Die hormonellen Vorgänge sind ­dieselben wie bei belegten Hündinnen. In der Scheinträchtigkeit sorgt das Schwangerschaftshormon ­Progesteron für das eher anlehnungsbedürftige und ruhigere Verhalten der Hündin. Während der Scheinmutterschaft kommt dann das Eltern­hor-mon Prolaktin zum Zuge. Dieses ist verantwortlich für die Ausbildung des Gesäuges, die Milchproduktion, das Bauen von Nestern bzw. ­Wurfhöhlen, das Behüten und Bemuttern von Stofftieren und anderem. All das sind also rein physiologische Verhaltensmuster.

Allerdings kann es zu diesen Erscheinungen nicht nur zyklusbedingt nach vorangegangener Läufigkeit kommen, sondern auch dann, wenn die Halterin oder eine andere Bezugsperson schwanger wird, oder ein Baby oder ein Welpe ins Haus kommt. Weil das Prolaktin direkt aus der Hirnanhangsdrüse kommt und auch ohne Beteiligung der Geschlechtsorgane über die Sinnesorgane oder andere Zentren im Gehirn aktiviert werden kann, findet man dieses Verhalten z.T. auch bei kastrierten Hündinnen. Eine Kastra­tion zur Vorbeugung ist also nur in den Fällen erfolgversprechend, bei denen es sich um regelmäßiges, ­zyklusbedingtes Verhalten handelt.

Aggressionsverhalten
Die Kastration als Mittel zur Aggressionskontrolle kann nur bei bestimmten Voraussetzungen in Betracht gezogen werden, und zwar dann, wenn die Auffälligkeiten eindeutig im Zusammenhang mit der Läufigkeit stehen. Wird die Hündin ausschließlich um die Läufigkeit herum kurzzeitig aggressiv oder unleidlich, kann gegebenenfalls durch eine Kastration eine Besserung erzielt werden.

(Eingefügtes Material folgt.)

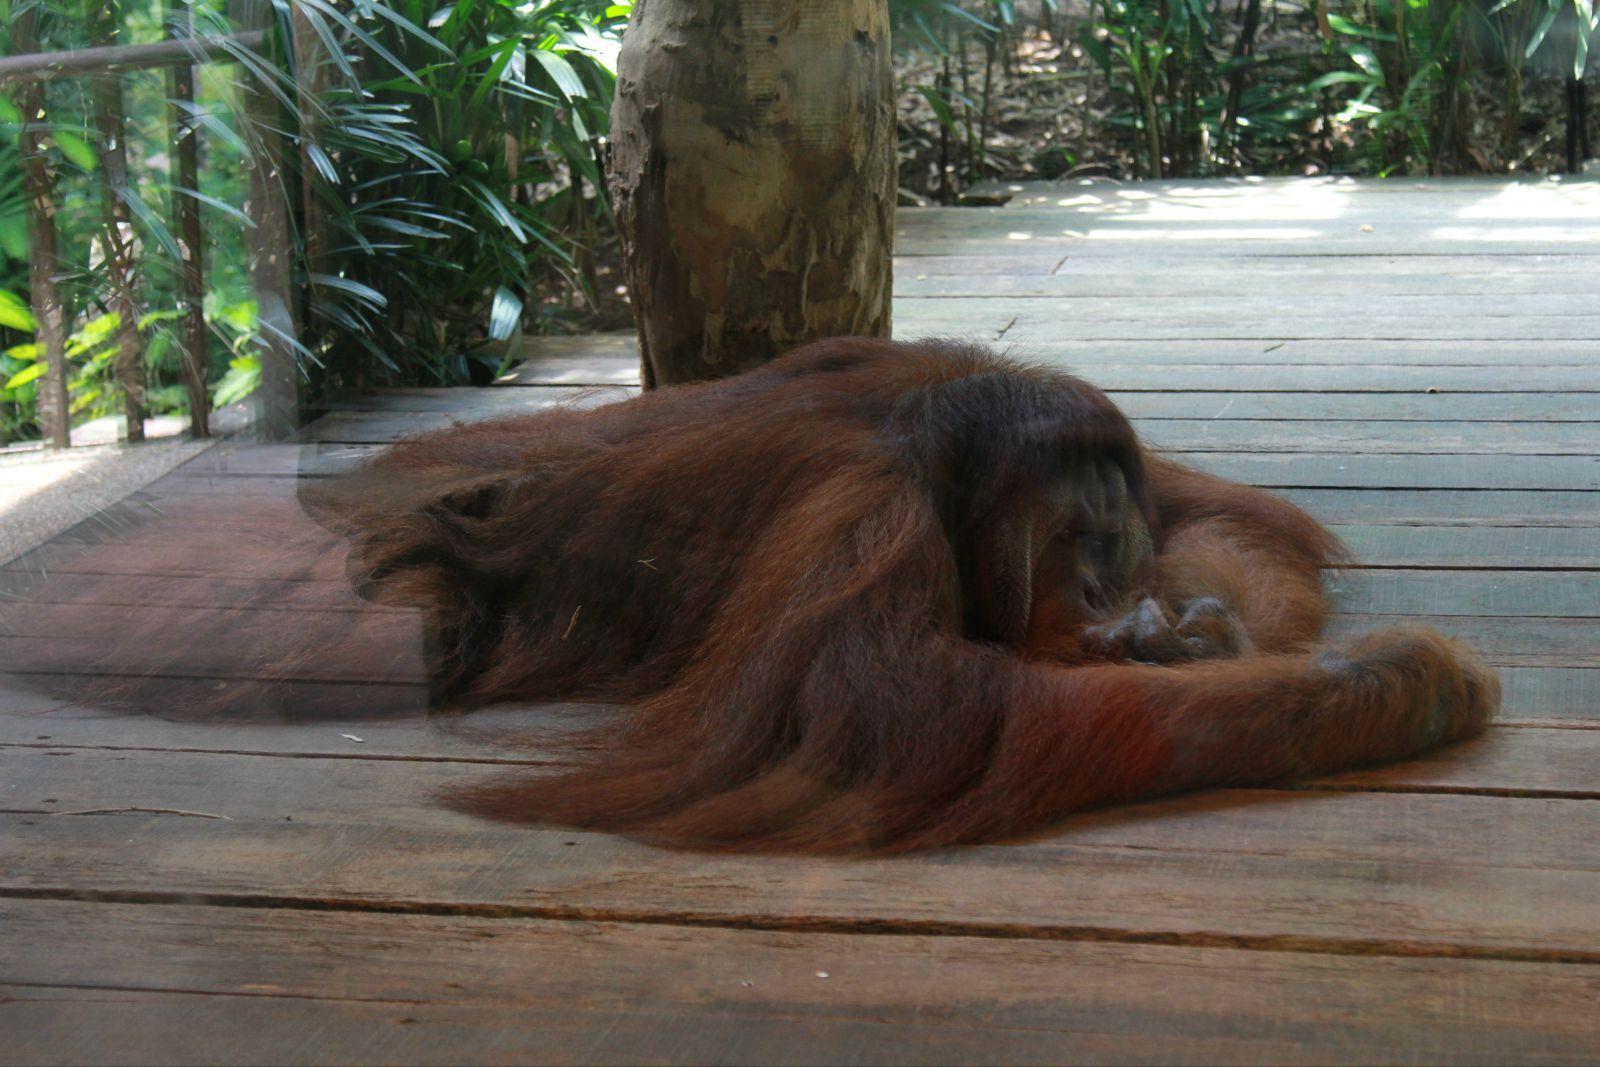 室外区是高高的大树,人类在树下仰着脸看红毛猩猩们在头上演杂技.

Anders bei Hündinnen, die das ­ganze Jahr über rüpelhaft sind und eine statusbedingte Aggression zeigen: in diesen Fällen wird sich das Aggressionsverhalten in den meisten Fällen noch deutlich verschlimmern, weil nach Wegfall des körpereigenen weiblichen Sexualhormons Östrogen das männliche Sexualhormon Testosteron, das auch bei Hündinnen in der Nebennierenrinde produziert wird, mehr Einfluss nehmen kann. Dies gilt insbesondere für Hündinnen, die mit erhobenem Bein markieren, ganzjährig Probleme mit Rüden haben und einen, auch für ihre Rasse, sehr robusten Knochenbau und eine sehr ausgeprägte Muskulatur besitzen, und außerdem für Hündinnen, die als einziger weiblicher Welpe in einem Wurf voller Rüden zur Welt kamen. In all diesen Fällen liegt ohnehin ein recht hoher Spiegel an Testosteron vor, der im intakten Fall wenigstens einigermaßen durch die weiblichen Östrogene „in Schach gehalten“ werden kann.
Genau wie beim Rüden auch (siehe WUFF 12/2010) sind die Verhaltensweisen der Jungtierverteidigung, der Partnerschutz- bzw. Eifersuchts­aggression und der Revierverteidigung unabhängig vom Sexualhormonspiegel, sondern sie werden durch andere Hormonsysteme gesteuert.

Eine durch Angst, Panik oder Unsicherheit verursachte Aggression, sowie andere damit zusammenhängende Verhaltensprobleme, sind auch, genau wie beim Rüden, durch eine Kastration nicht zuverlässig beeinflussbar. Solche Hündinnen können durch Wegnahme der Sexualhormone zeitweise eher noch unsicherer werden (abhängig von ihrer sonstigen Persönlichkeit), da auch die weiblichen Sexualhormone angstlösend wirken und Selbstvertrauen schaffen.
Jagd- und Beutefangverhalten haben auch bei Hündinnen keine Steuerung durch das Sexualhormonsystem. Im günstigsten Falle ändert sich also daran nichts, es gibt aber auch Fälle, bei denen diese Handlungsbereitschaft nach der Kastration steigt.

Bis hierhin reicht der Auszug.